Are talking heads blowing hot air? With a record like mine, I’m not sure that I would welcome research being done in Australia like that just published in the United States by a class at Hamilton College led by public policy professor P. Gary Wyckoff. They analysed the predictions of 26 pundits who wrote columns in major print media and who appeared on the three major Sunday news shows: Face the Nation, Meet the Press, and This Week. The key finding? Most prognosticators are not very accurate predictors

The study evaluated the accuracy of 472 predictions made during the 16-month period between September 2007 and December 2008. A scale of 1 to 5 (1 being “will not happen, 5 being “will absolutely happen”) was used to rate the accuracy of each, and then divided them into three categories: The Good, The Bad, and The Ugly.

The students found that only nine of the prognosticators they studied could predict more accurately than a coin flip. Two were significantly less accurate, and the remaining 14 were not statistically any better or worse than a coin flip.

The study concludes:

Given this sad reality, who should you listen to? Good predictors tend to be liberal and are not lawyers. More rigorous study can  confirm our findings, especially the question of whether partisanship has an impact on an individual’s ability to make accurate predictions. There were nine prognosticators who were classified as “good” predictors. They were Paul Krugman, Maureen Dowd, Ed Rendell, Chuck Schumer, Nancy Pelosi, Kathleen Parker, David Brooks, Eugene Robinson, and Hank Paulson. Five of these were journalists at the time of our sample. Six are considered liberal, and the average partisanship score was 5.87 (with 5 being a perfect moderate.) Three are female and one is black. It is clear that there is a significant amount of diversity in the “good” category.

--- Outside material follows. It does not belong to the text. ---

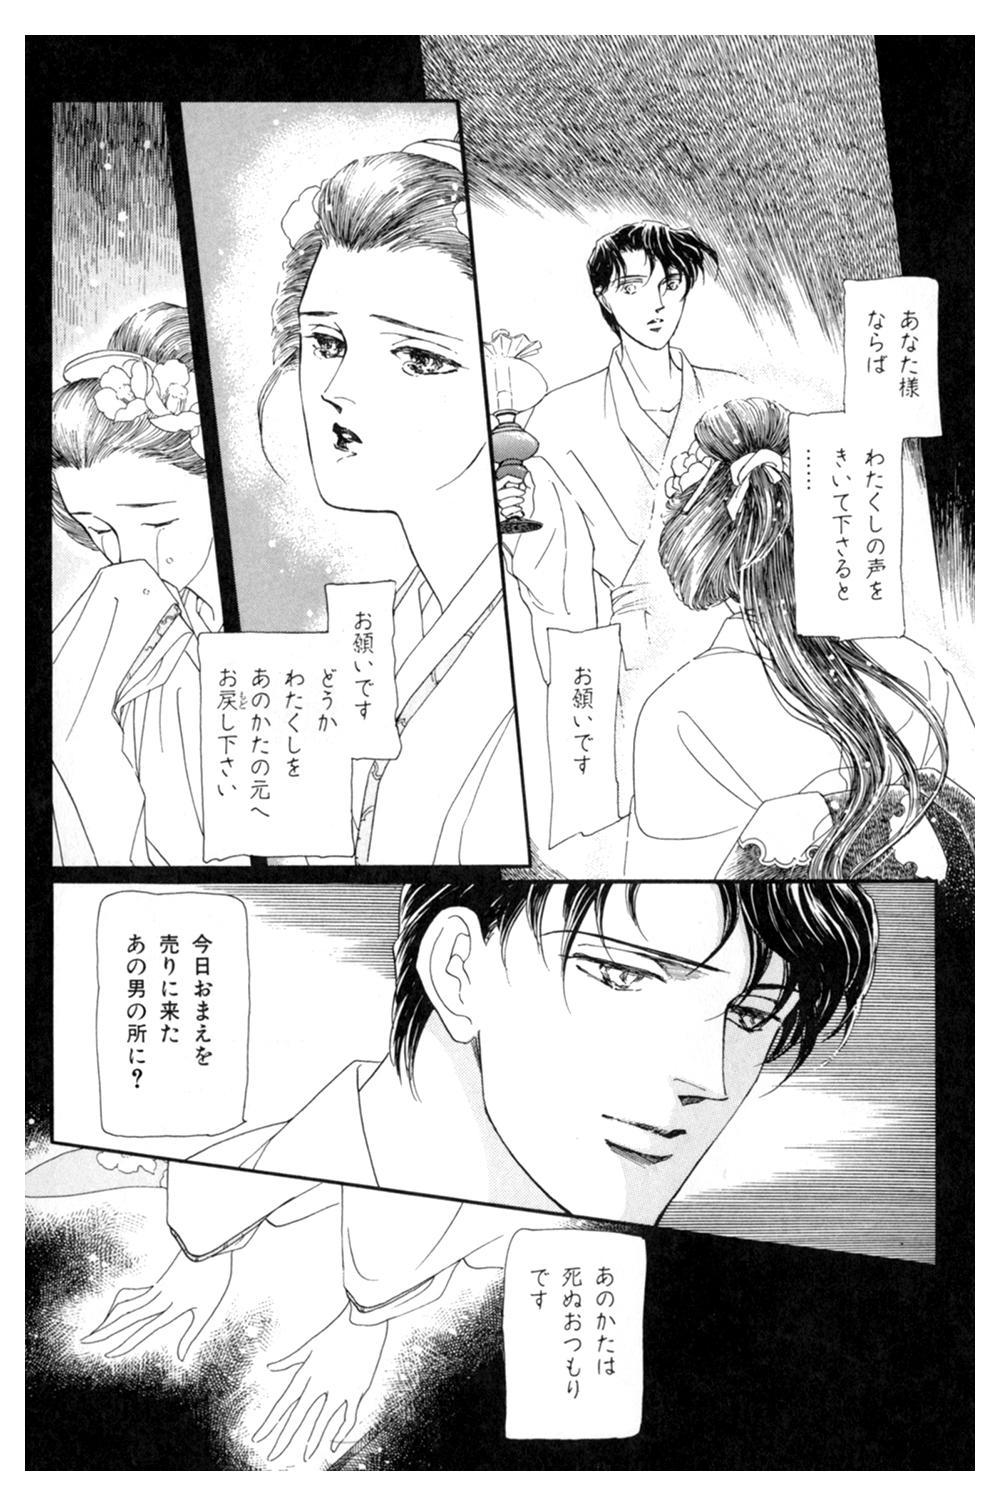 雨柳堂夢咄 第1話「花椿の恋」①uryu11.jpg

The pick of the prognosticators

And who should you not listen to? Individuals who hold law degrees are less accurate when making predictions. Conservatives, according to our data, are also less accurate. But it is also important to keep in mind that the overwhelming majority of demographic factors have no bearing on a prognosticator’s accuracy. Gender, race, and age are all irrelevant, as are most career path choices, such as becoming a journalist.

When listening to current political advisers, keep in mind that they are more likely to make predictions using positive language. Similarly, it is important to remember that professional journalists and male prognosticators are more likely to make predictions using negative language. Younger prognosticators, politicians, and journalists with more experience are more likely to predict using extreme language.

On Crikey‘s The Stump blog there is a look at the reason why most predictions by pundits are so extreme.

When the cheering stops. That the sentiments live on after the death is clear from this story in this morning’s Jerusalem Post:

Channel Nine’s photos. They didn’t normally show photos of dead gun shot victims, the Channel Nine News in Canberra told us last night, but they were making an exception for Osama bin Laden. And then they flashed up a pair of before and after faces that purported to show the living and the dead. Yet somehow I have missed seeing the images anywhere else and read that the US administration is still considering whether to release the picture of the dead Osama or not. I await the explanation on tonight’s news for this remarkable scoop.

The error of his ways. At least the former South Australian Attorney General Peter Duncan — the man who introduced the extraordinary legislation preventing the publication of the name of the politician charged with child pornography offences — now sees his legislation might not be feasible or desirable. Writing from his now home in Lombok, Indonesia, Mr Duncan disputed the suggestion by The Australian columnist Mark Day that the repressive law was “constructed because then state premier Don Dunstan knew he and some of his colleagues were vulnerable to privacy intrusions and they changed the law to protect themselves.”

“I was the one who argued that accused persons should not have their names blackened in the event of false claims being made against them, not the deceased former premier Don Dunstan, who of course is no longer able to defend himself against slurs such as those in Mark Day’s article,” Mr Duncan said in a letter to the editor.